Problematic Pasts

Not things you did as a teenager that you’d rather forget about, but past tenses of verbs that continue to cause people trouble.

Dive
The past tense of this verb is not dove. That’s a bird, mispronounced. The past tense is dived (or should be – the Yanks differ on this one).

Lay and lie
A confusing pair. From last time:

laylie

Lead
As in lead me astray. The past tense (and past participle) is led. Similarly, mislead and misled.

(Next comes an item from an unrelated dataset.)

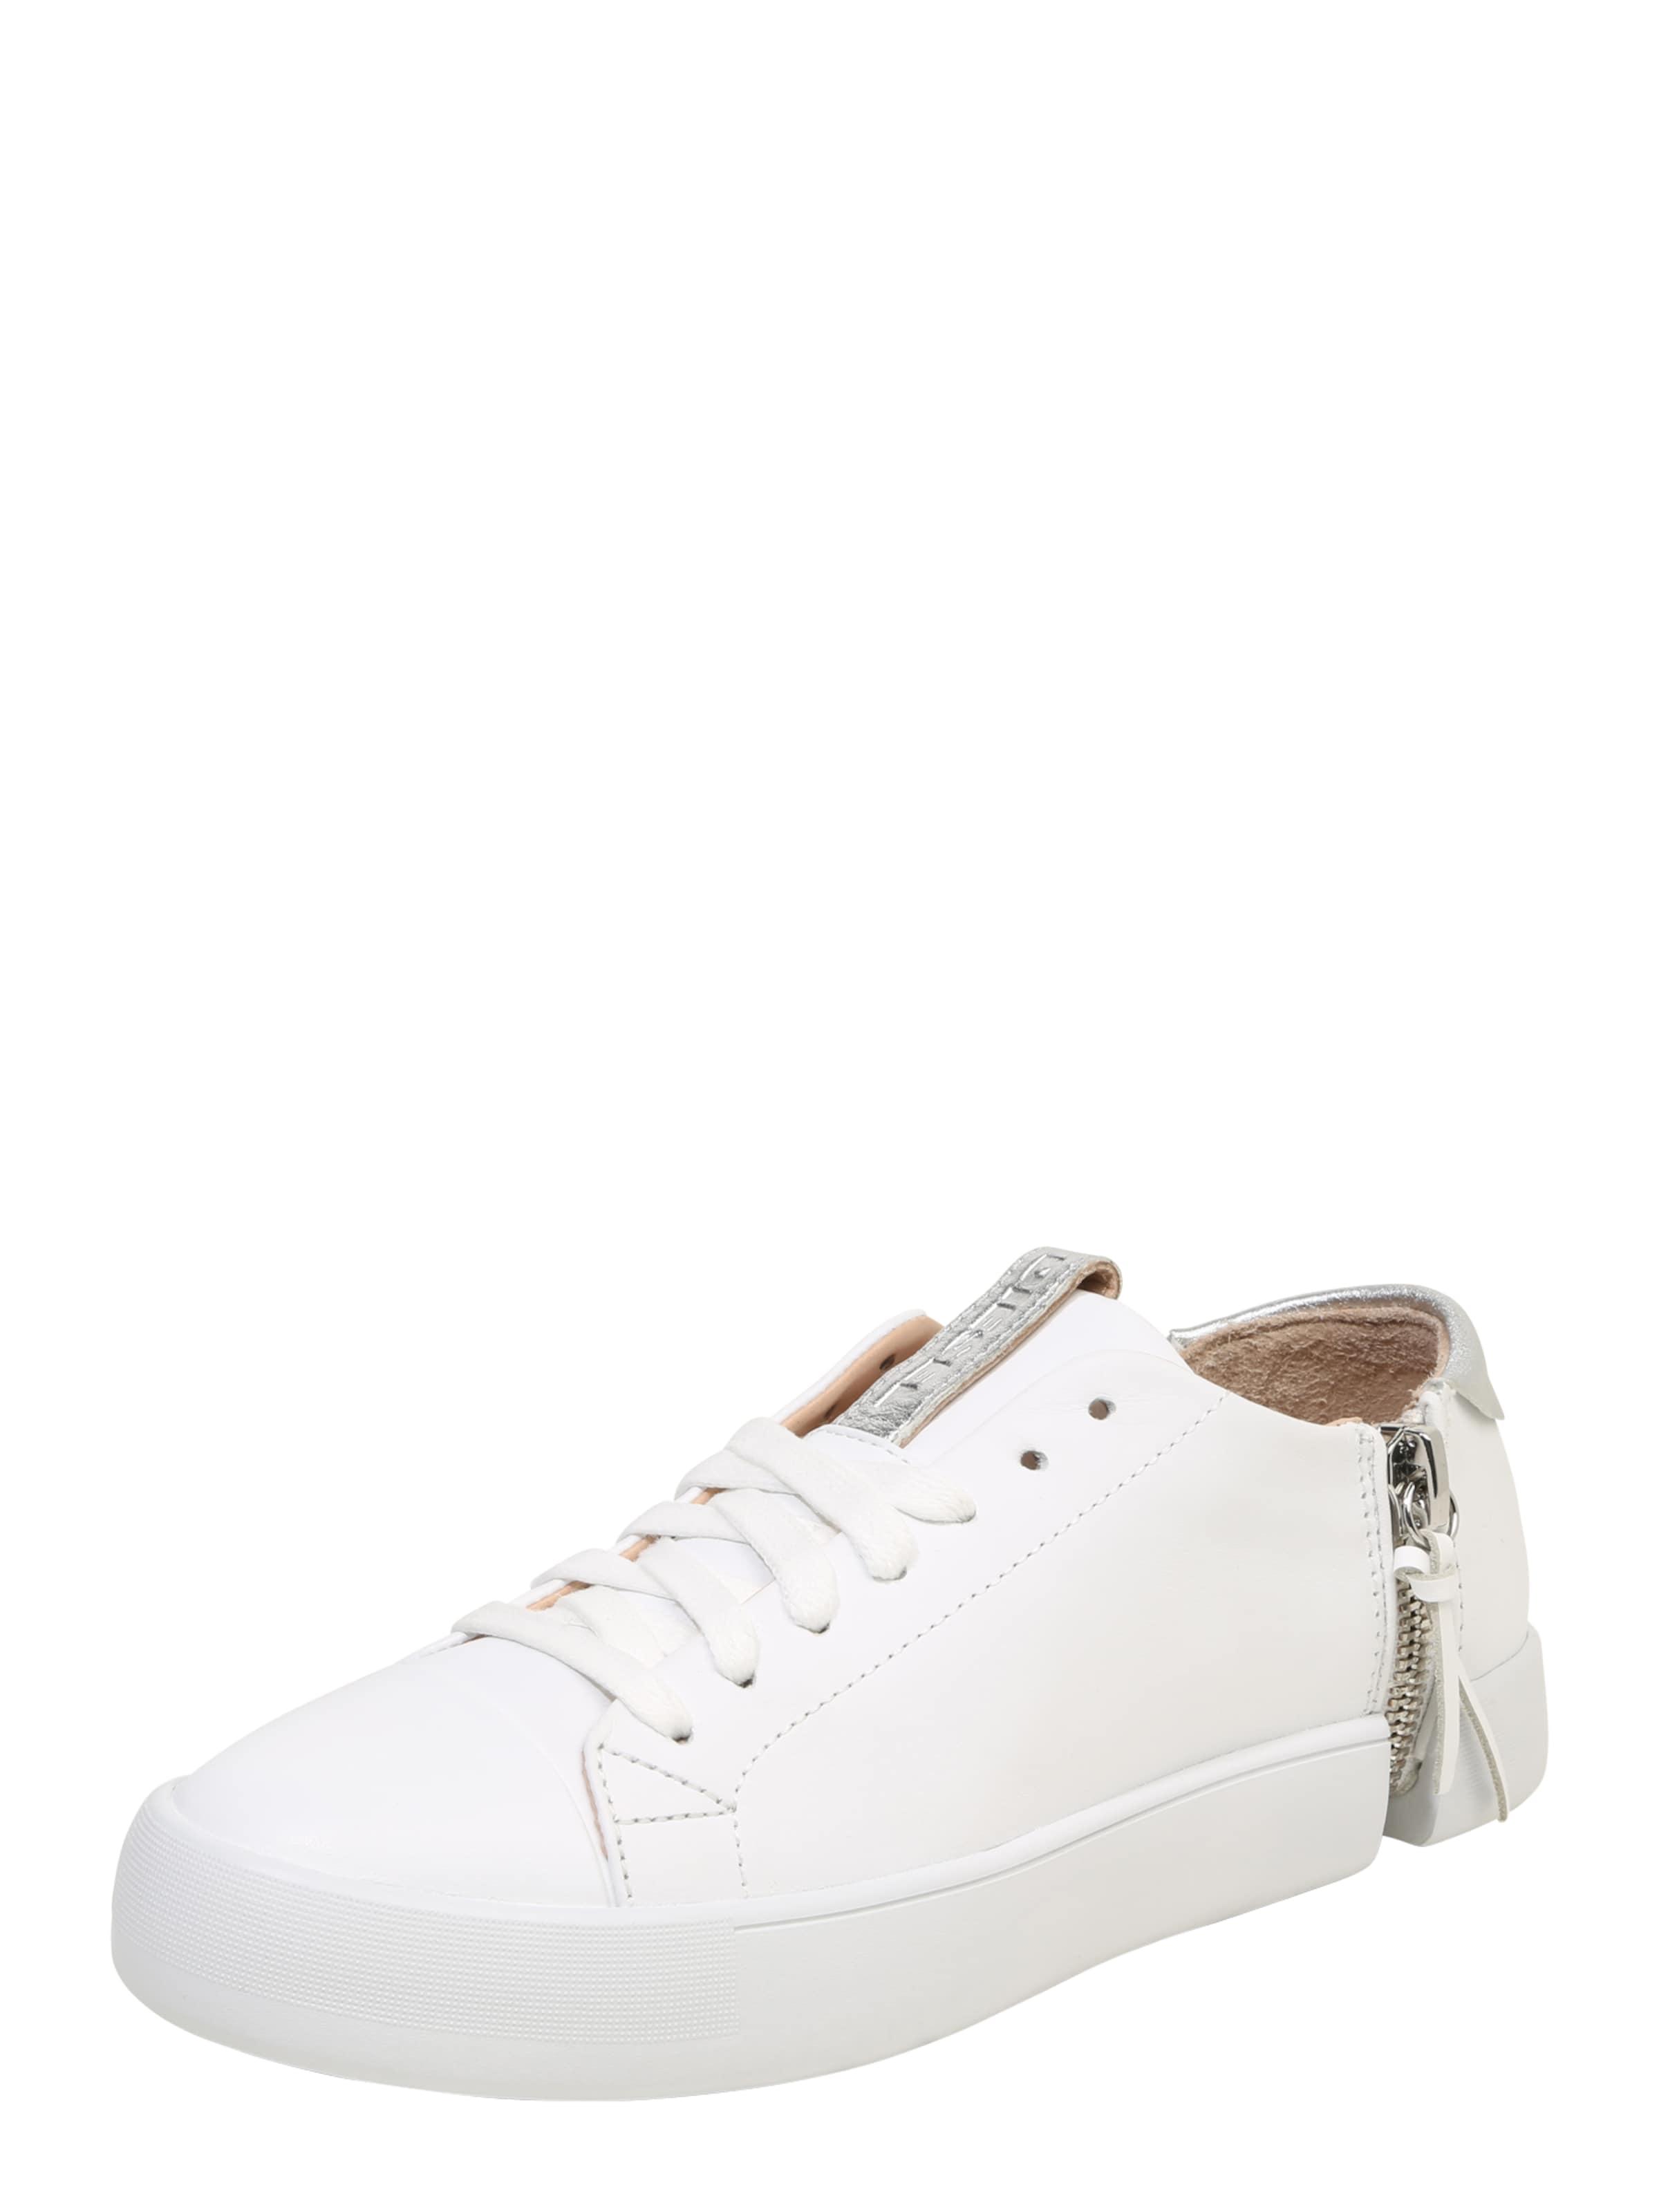 Haltbare Mode billige Schuhe DIESEL | Sneaker 'S-NENTISH' Schuhe Schuhe Schuhe Gut getragene Schuhe 439763
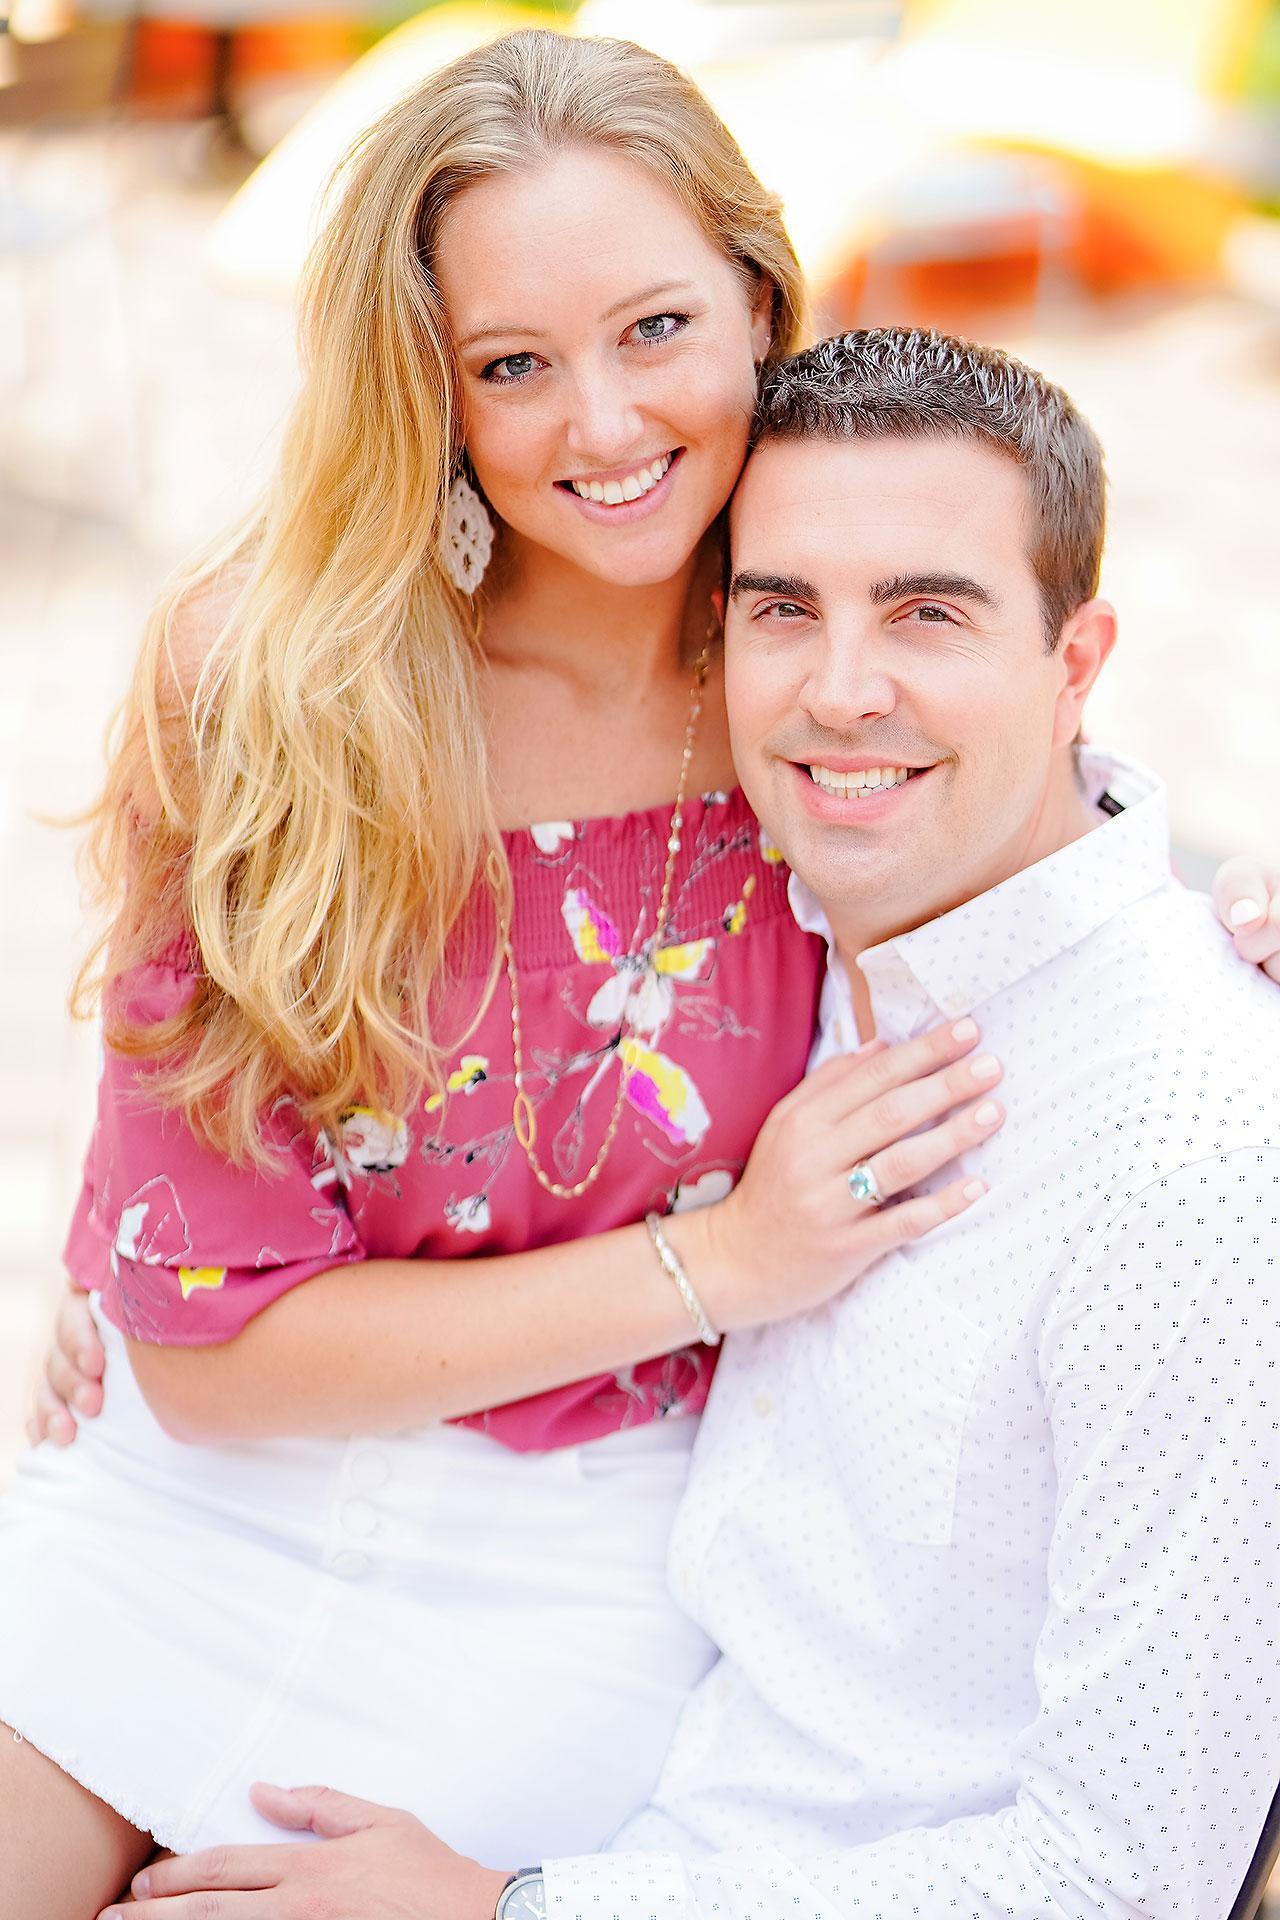 Liz Zach Midtown Carmel Engagement Session 047

Confusion may arise because these two don’t follow the same pattern as read, which is the same in the past and present tenses: I read the last chapter of the book last night; I always read in bed before I go to sleep.

Plead
American usage to the contrary, the past tense is not pled or plead: it’s pleaded. Always.

Shrink
Honey, you shrank the kids! Now that they have shrunk they will need new clothes in smaller sizes for their shrunken bodies.

And it’s drink, drank, drunk(en); sink, sank, sunk(en); spring, sprang, sprung; stink, stank, stunk (although in colloquial speech one hears stunk as the past tense as well as the past participle; there’s that song about the Grinch).

It isn’t think, thank, thunk, though – except in the jocular Who’d have thunk?

Sneak
The past tense is not snuck but sneaked.

Spit
The past isn’t spit – it’s spat. Same deal if you replace the p with an h.